I know it's just a futile attempt to resist the passage of time, but I can't help it. I try to make things in this vein and I know that it's just a small drop in the ocean but I still do it.
Very similar observations about software trends and quality.
Particularly the trends to remove essential functionality like one importat example in Windows 11 that you cannot put task bar on left or right side of screen and using ungrouped and fully labeled items. It's de facto unusable for my case because I need a lot of different windows with constant context switching between and was totally lost (went back Windows 10). Left/right taskbar has all items exactly the same place where opened, enought text to instantly indentify what program and what document/IP address etc. it contains, nothing moves itself and it's almost muscle memory to glance and see what program and window I need to open the current moment.
It's not the most popular use case for sure but if even 0.1% users like developers or other multitask heavy workers need similar overview on desktop workspace then that is like ignoring 10 million users. And for what? So that company can optimize away like two workers on Windows UI team for 6 months effort. Instead released broken Windows to RTM and 2 years later still essential functionality missing.
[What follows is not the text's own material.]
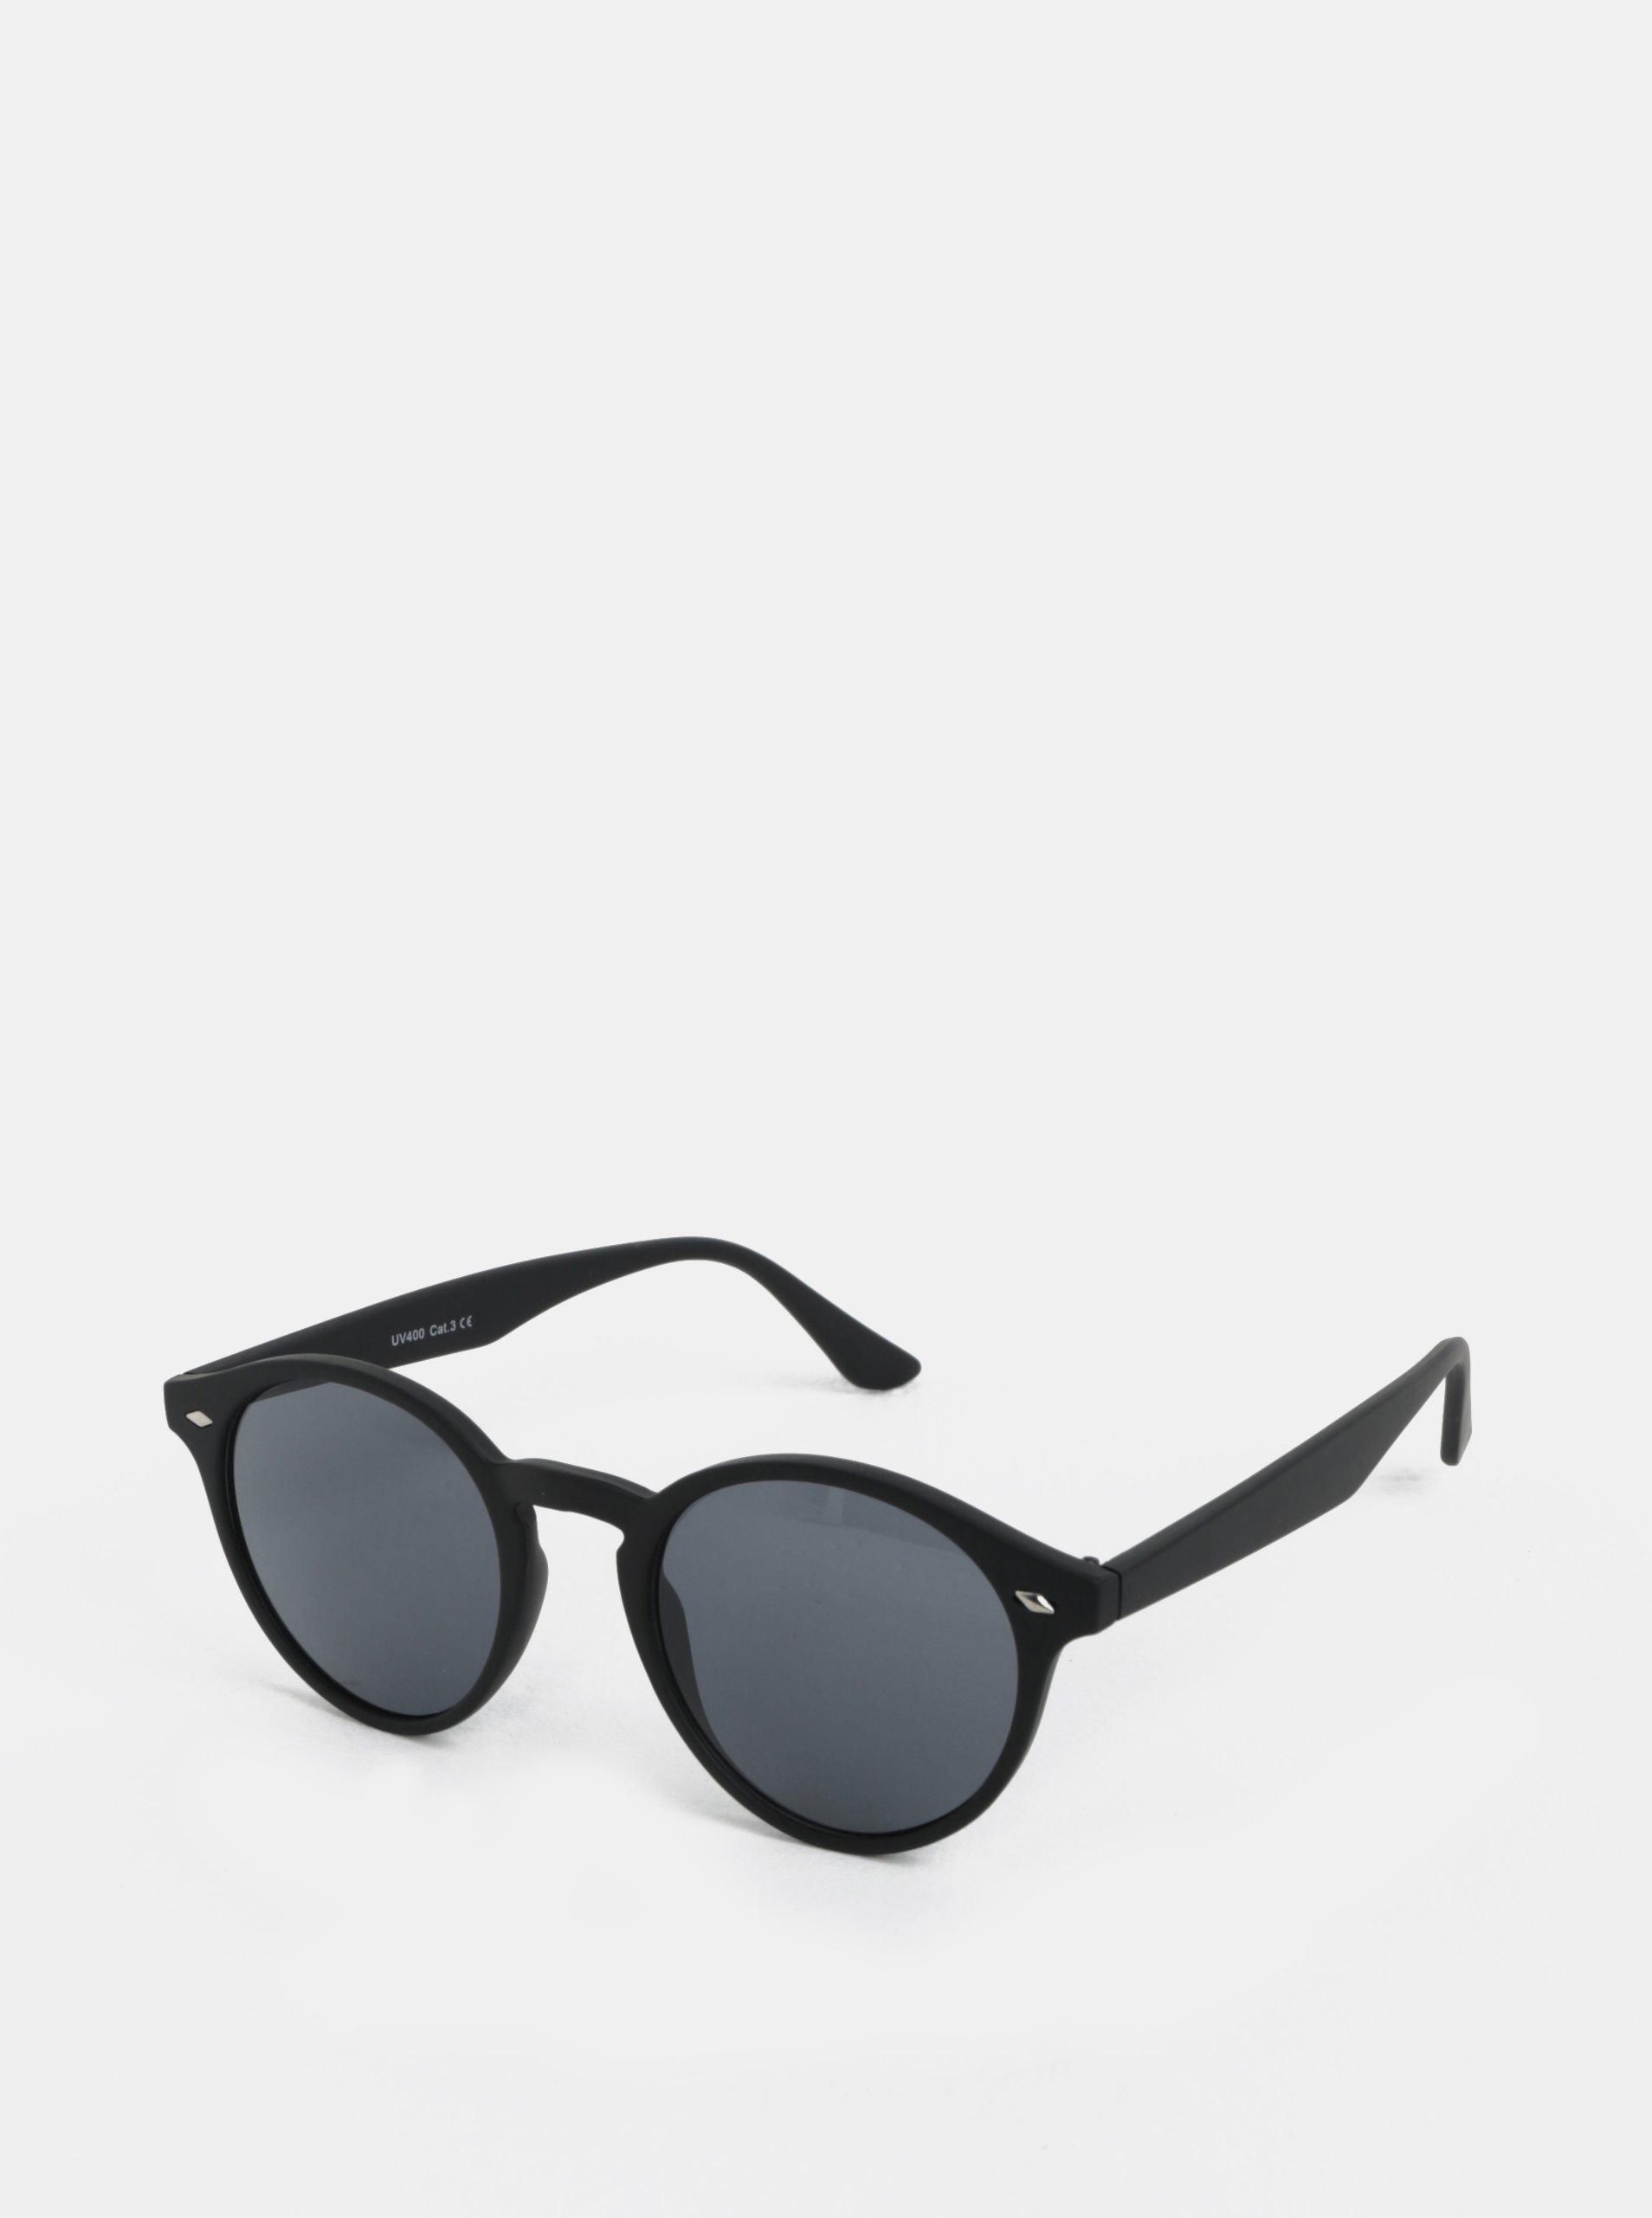 Čierne okrúhle slnečné okuliare s detailmi ONLY   SONS Display  4d834b44e32

There have been problems in this area before, like Windows ME and some but those were more like broken drivers and things that were not or at least did not seem to be intentionally broken, just bad quality. Now there are more problems that are literally in the genre of f. u. user, we do what we want and optimize everything to 51% users, if you are in 49% then good luck.
Maybe need to adapt and accept that everything needs tinkering, third party tools and constant management after updates to be barely usable, still not fond of this method but what are the options any more.
Every company's site is the same: a header image or a carousel, big sans serif text saying absolutely nothing of substance, no form nor function in their presentation. Both native software, web apps and smartphone's apps are converging to a braindead flat/material design design (and if you complain, UX people throw out arguments of accesibility (which are completely irrelevant to what UI style you choose to use), and many say that skeuomorphism is ugly (???), when in reality their UI choices are atrocious, reducing functionality by taking away options and even going as far as removing borders around most things, making it harder to know what is clickable. I've seen my parents and grandparents, neighbors and even people my age struggle with these "easy" interfaces)
I genuinely believe the effects of these design choices around everything in our lives are detrimental to our mental wellbeing, and thus I try to surround myself with 19th century furniture, and I use Windows XP for any non-internet related task. I prefer forums and personal sites in my browsing, and regularly use wiby.me and marginalia.nu's search functionality. I only play old games and indie games too. I know it's just a futile attempt to resist the passage of time, but I can't help it. I try to make things in this vein and I know that it's just a small drop in the ocean but I still do it.